Diário Teatral da Coluna

 

Semana 2 – 07/11/2022 a 13/11/2022

A sala de ensaio, durante um processo coletivo e colaborativo de pesquisa teatral, tem suas alquimias particulares. São instantes efêmeros, experimentos improvisacionais únicos, que acendem poderosos faróis para todo trabalho, criam trilhas provisórias por onde o suor das experimentações cênicas vai correndo, acumulando achados em um movimento lento de precipitação, tanto formal quanto de conteúdo. Esses achados, às vezes, são gigantescos avisos de alerta. Foi o que aconteceu nessa segunda semana de ensaios.

As cenas experimentais da primeira semana apresentaram fragmentos de personagens e situações das camadas populares na Rio de Janeiro de 1922, no contexto das convulsões sociais em torno da polêmica eleição de Arthur Bernardes. A música de marchinha de carnaval “Aí seu Mé” apontou um contexto cênico poderoso de ser explorado, talvez na recepção do público antes da peça começar, com esse coro carnavalesco de protesto popular atravessando o saguão, abrindo as portas do teatro para o público invadir a apresentação.

Seguindo os experimentos, ainda na semana anterior, improvisamos a cena do Jovem Tenente que, em plena reunião do Clube Militar, despeja toda sua virulência em um discurso acusatório contra os altos oficiais, todos mancomunados em estratégias de corrupção lado a lado com as oligarquias da República Velha. Essa cena dava início as experimentações teatrais mais próximas do contexto da Coluna Prestes, mas ainda de maneira ampla, explorando a gênese do Tenentismo, movimento que iria abalar a História do Brasil radicalmente ao longo de toda década de 1920. A tarefa na semana seguinte – no caso, esta que agora relato – era seguir com as cenas experimentais dos antecedentes históricos diretos do movimento tenentista, começando com o evento considerado seminal para grande parte dos historiadores e historiadoras: o Levante dos 18 do Forte de Copacabana, ocorrido na madrugada de 05 de julho de 1922.

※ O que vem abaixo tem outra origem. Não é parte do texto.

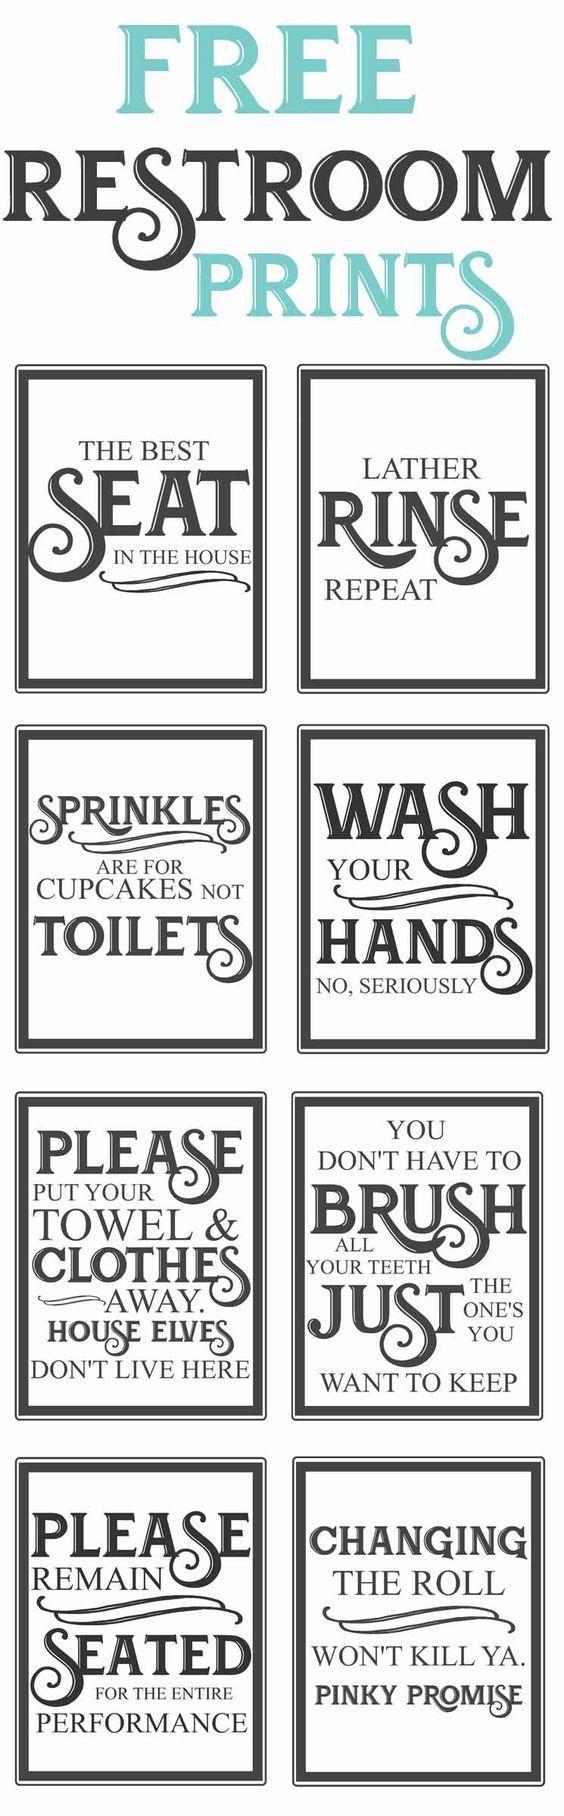 Free Vintage Bathroom Printables | Favorite Diy And Best Crafts - Free Printable Flush The Toilet Signs

O plano dos militares revoltosos era impedir a posse do presidente Arthur Bernardes, eleito de maneira fraudulenta, dentro da dinâmica do voto de cabresto e das comissões verificadores que definiam o marcado jogo eleitoral do período, como acusava os que faziam oposição a Oligarquia do Café com Leite que dominava a Primeira República. Para tanto, diversas guarnições do Exército se sublevariam, entre elas o Forte de Copacabana, a Fortaleza de Santa Cruz, a Academia Militar de Realengo e a Vila Militar. As tropas revoltosas marchariam em conjunto sobre o Palácio do Catete, sede do governo federal, para depor Epitácio Pessoa e declarar Marechal Hermes da Fonseca presidente provisório, para então recontar os votos da eleição. Revisada a apuração eleitoral, a vitória do Nilo Peçanha, candidato da “Reação Republicana”, estaria mais do que garantida, mandando Arhur Bernardes de volta para suas fazendas em Minas Gerais. 

Para experimentar cenicamente esse acontecimento, foi criada uma Escaleta de Improvisos a partir dos acontecimentos históricos do Levante dos 18 do Forte de Copacabana, partindo das bibliografias estudadas sobre assunto, especialmente as descrições desse evento nos livros “A Coluna Prestes”, de Luiz Maria Veiga (São Paulo: Scipione, 1992), “Uma epopeia brasileira: a Coluna Prestes”, de Anita Leocádia Prestes (São Paulo: Moderna, 1995) e “O Cavaleiro da Esperança”, de Jorge Amado (São Paulo: Companhia das Letras, 2011). Transcrevo abaixo parte dessa escaleta, organizada em duas partes:

I. O murmúrio se espalha: “a procissão vai sair”

     

      1. A conspiração caminha nas cantinas, dormitórios e arsenais do exército; “a procissão vai sair” é o código para o levante militar, combinado para a madrugada do dia 05 de julho de 1922.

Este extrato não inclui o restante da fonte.